◆ RECORDS SUPPLIED:
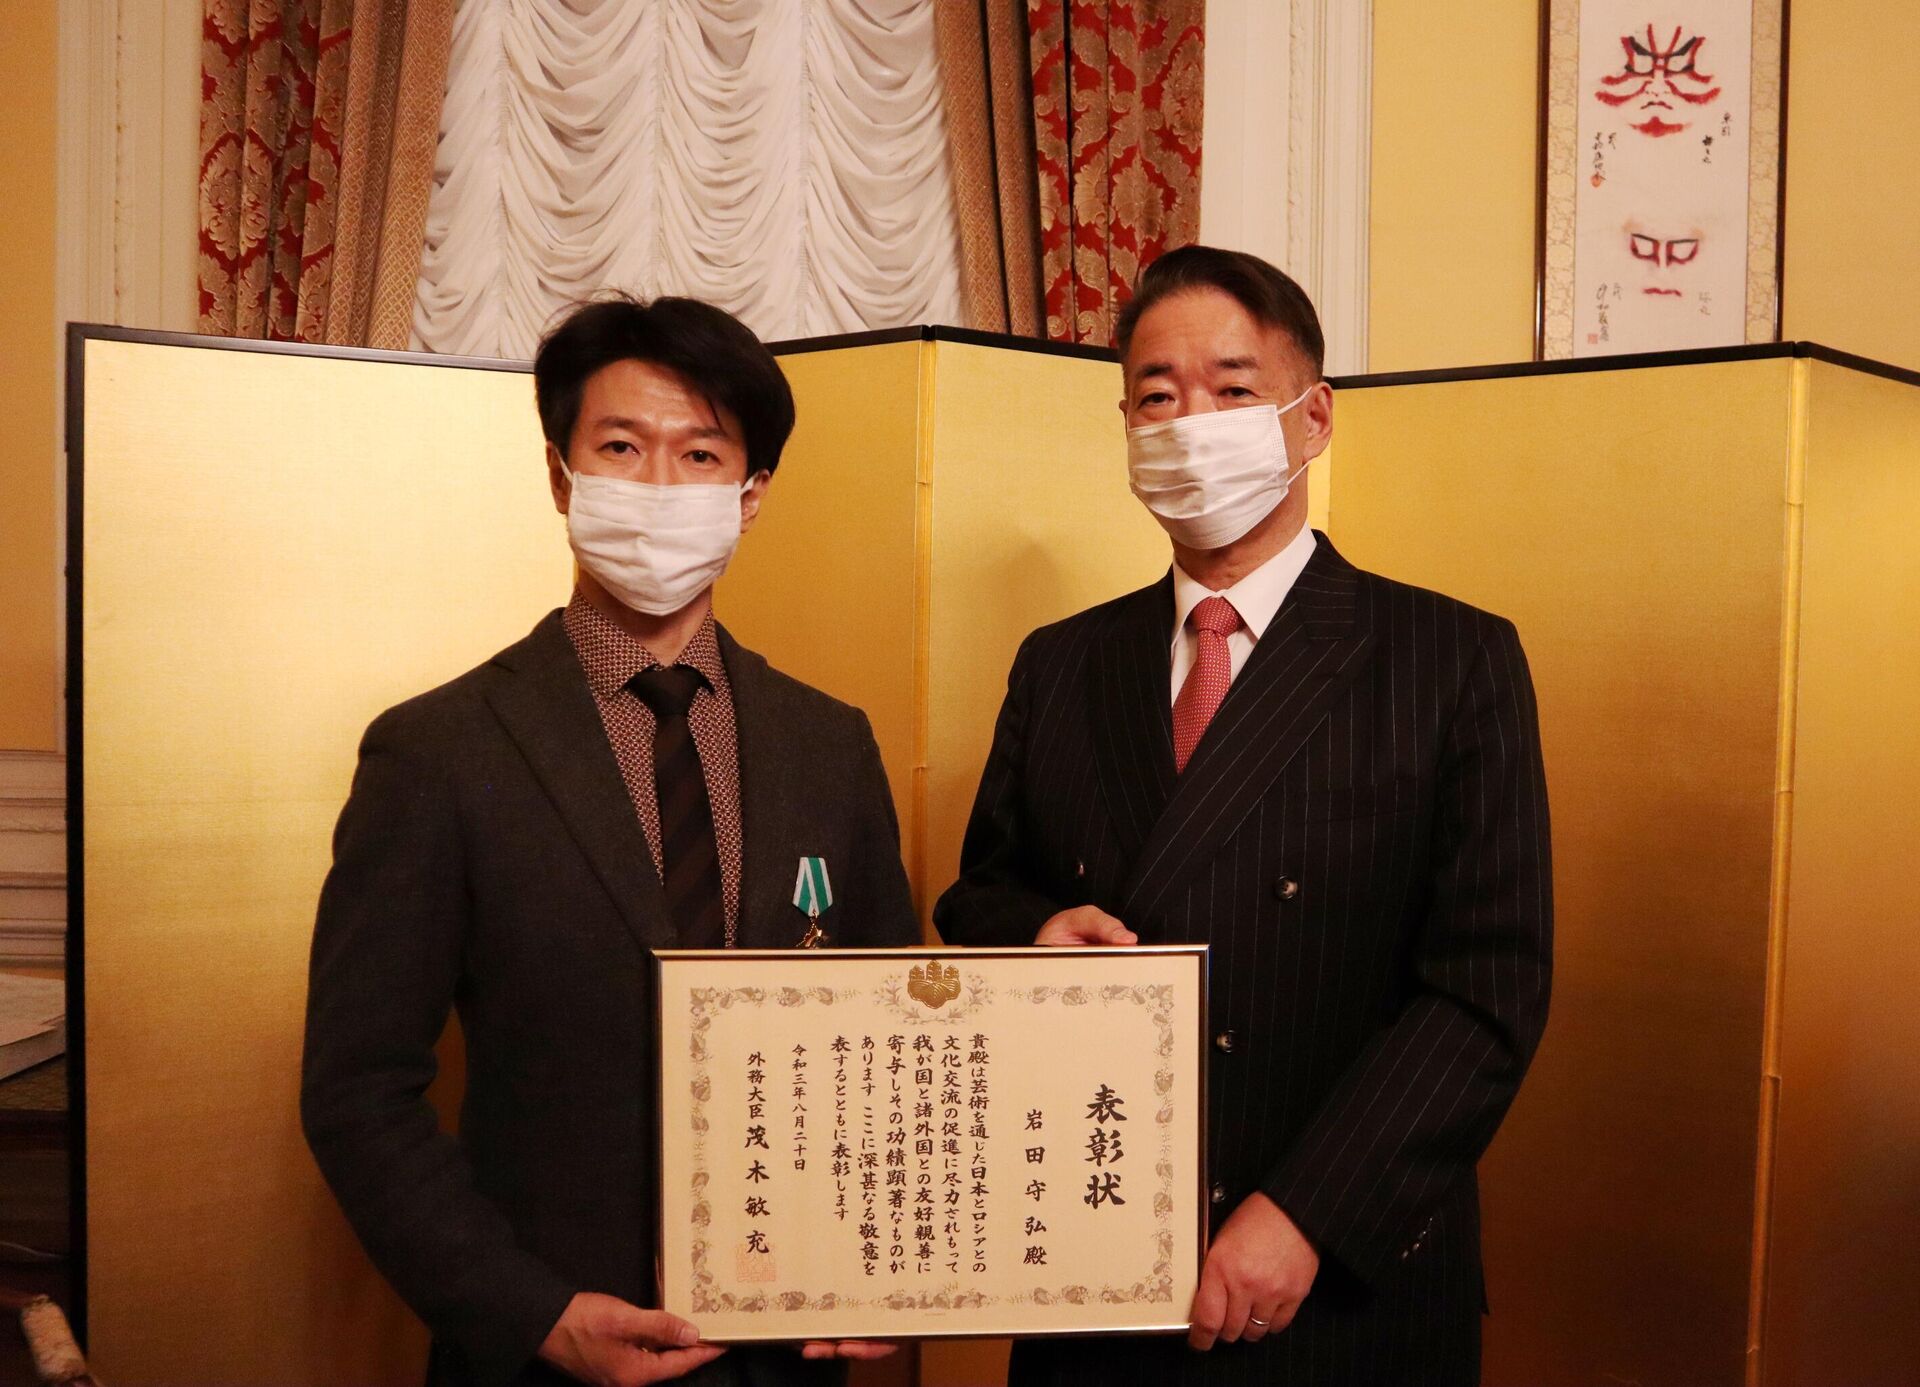 大使公邸にて授与式。岩田守弘さん（左）と上月豊久駐ロシア大使（右） - Sputnik 日本, 1920, 22.10.2021
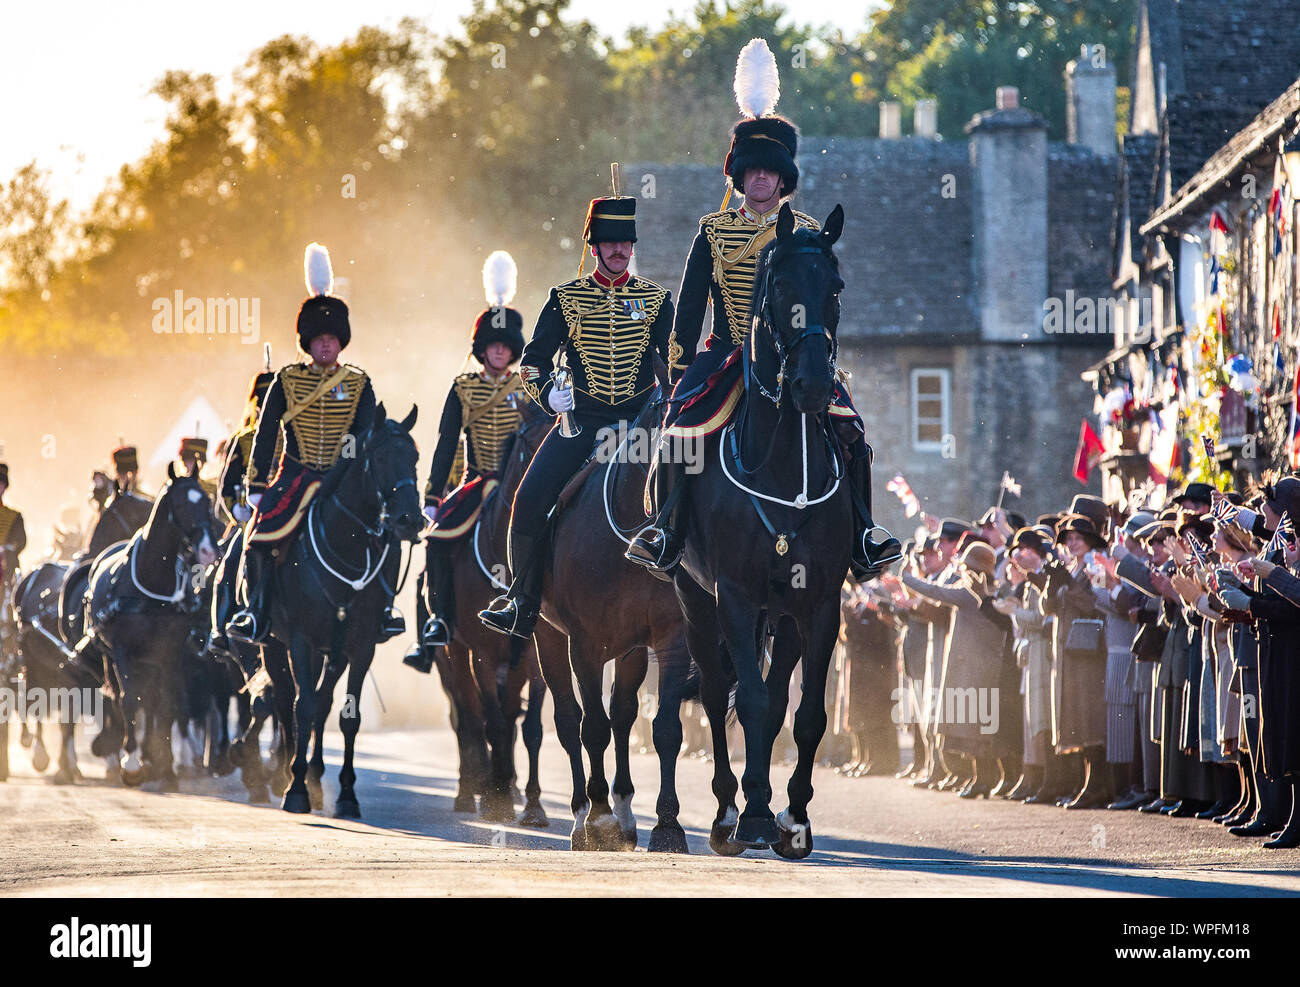 La troupe Kings Royal Horse Artillery pendant le tournage d'un film de smash TV tapez Downton Abbey pour le cinéma. La scène a été tourné dans le haut St le National Trust village de Lacock dans le Wiltshire avec 80 chevaux et d'armes à feu et plus de 250 figurants acclamations et agitaient des drapeaux comme la parade passée. Banque D'Images
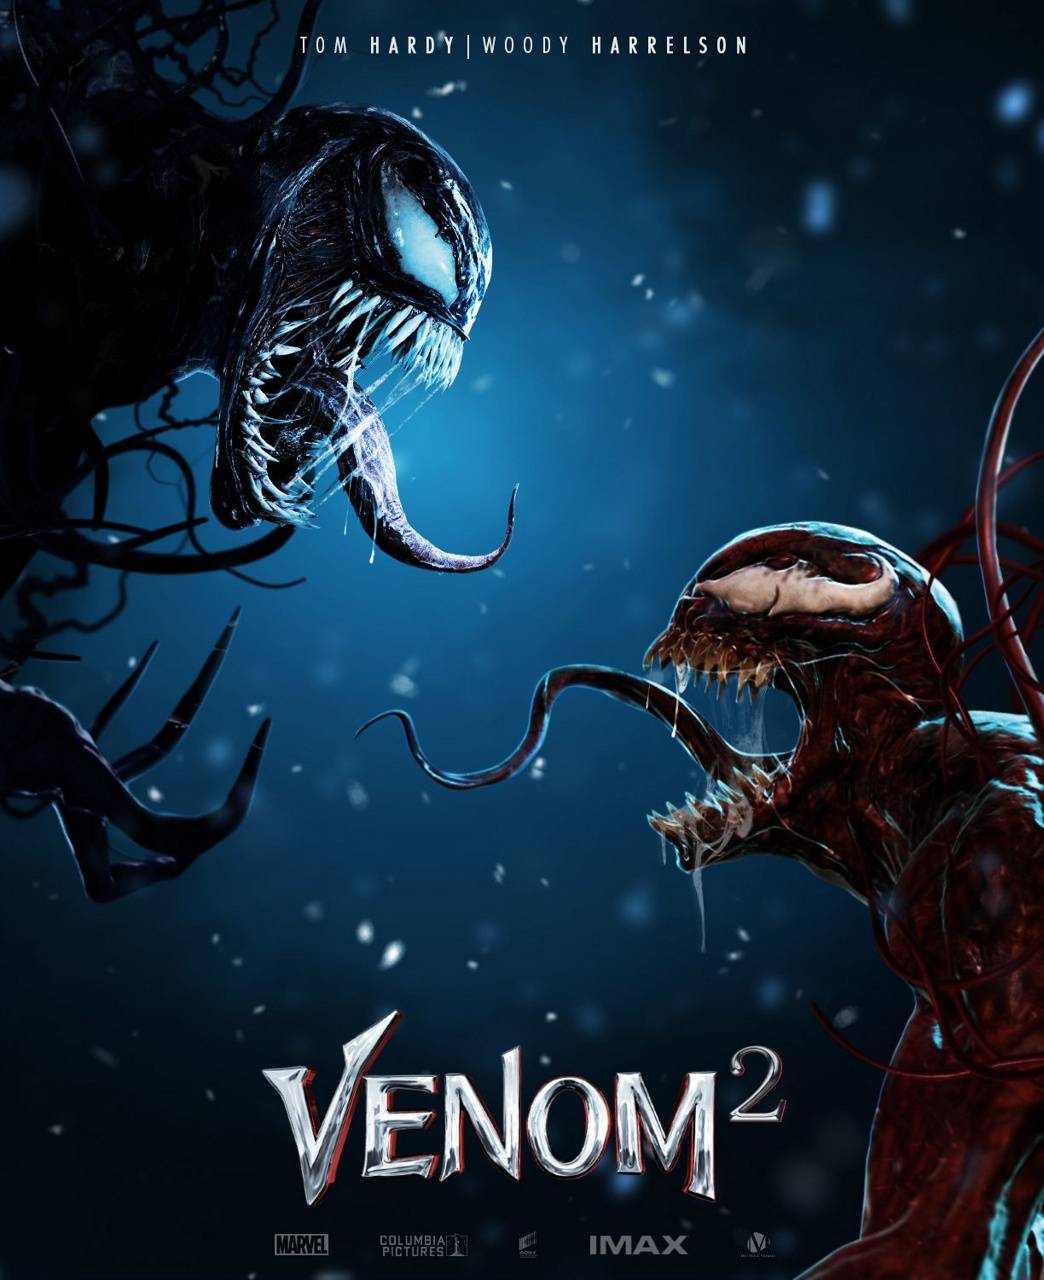 Venom Carnage Venom 2 2021 Wallpaper 4K PC Desktop 341c
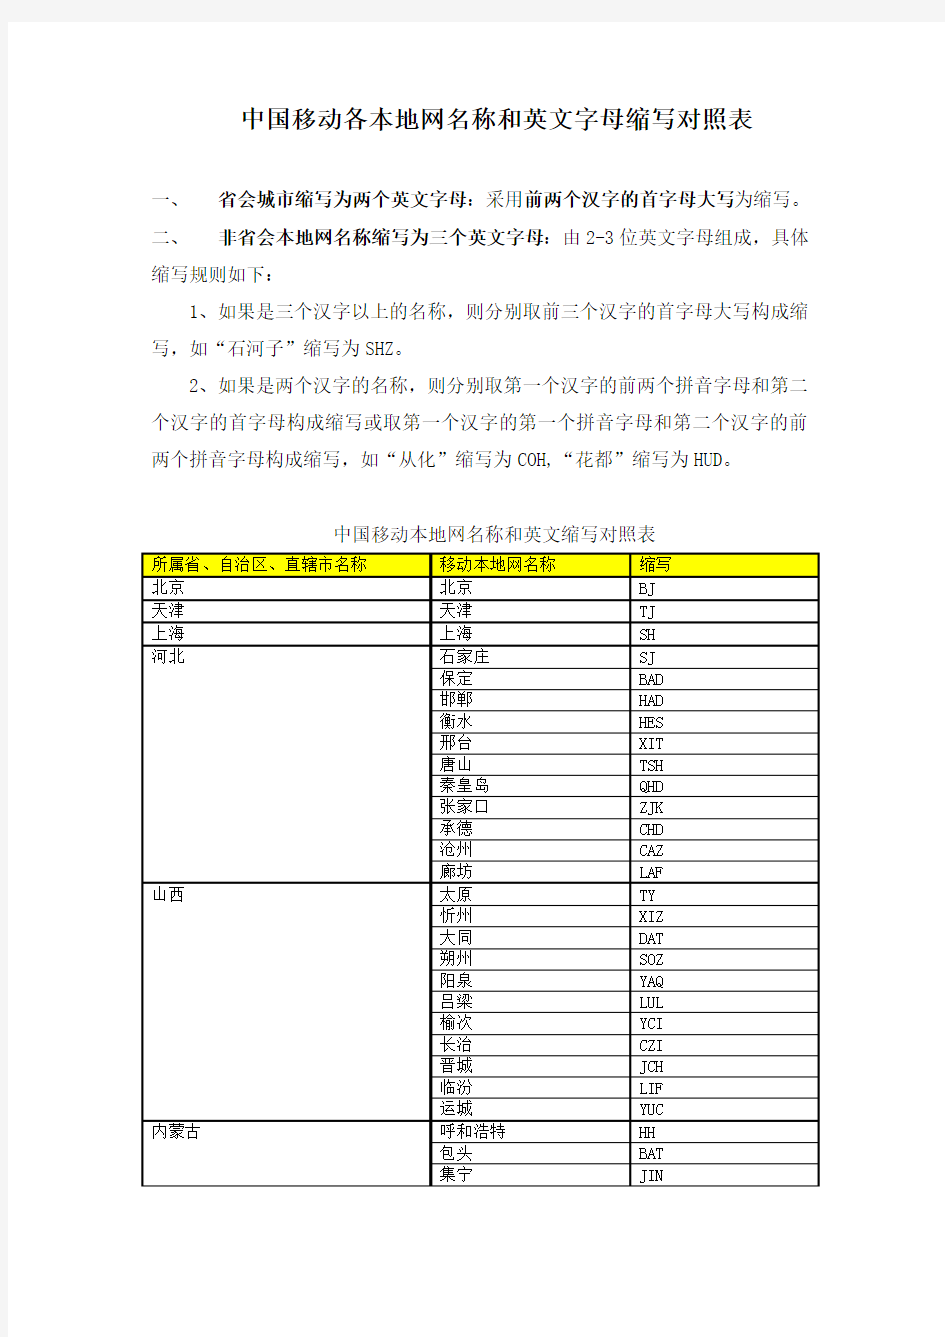 中国移动各本地网名称和英文字母缩写对照表
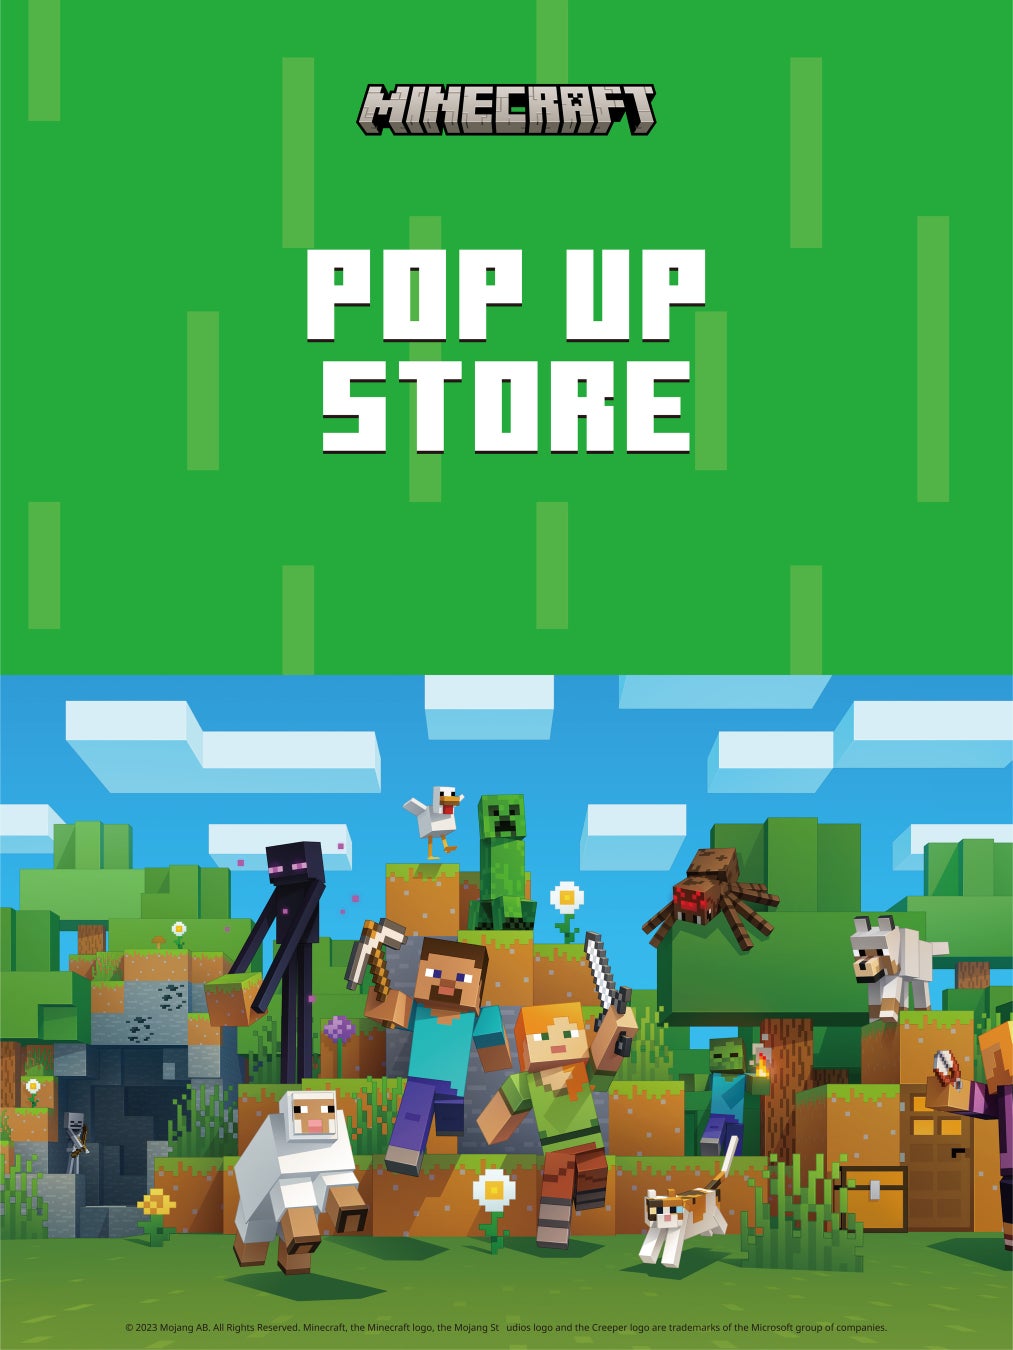 「MINECRAFT POPUP STORE」がゴールデンウィーク期間中に各地で開催！大人気ゲーム『マインクラフト』の店舗限定特典や新商品を多数販売！！

◆ HOW TO COMPLETE THIS TASK:
Your copy must begin at the line containing "La troupe Kings" and end at the last line of the material above. Reproduce each line exactly, but not the pictures.

◆ SOLUTION FOR THIS EXERCISE:
 La troupe Kings Royal Horse Artillery pendant le tournage d'un film de smash TV tapez Downton Abbey pour le cinéma. La scène a été tourné dans le haut St le National Trust village de Lacock dans le Wiltshire avec 80 chevaux et d'armes à feu et plus de 250 figurants acclamations et agitaient des drapeaux comme la parade passée. Banque D'Images
 Venom Carnage Venom 2 2021 Wallpaper 4K PC Desktop 341c
 中国移动各本地网名称和英文字母缩写对照表
 「MINECRAFT POPUP STORE」がゴールデンウィーク期間中に各地で開催！大人気ゲーム『マインクラフト』の店舗限定特典や新商品を多数販売！！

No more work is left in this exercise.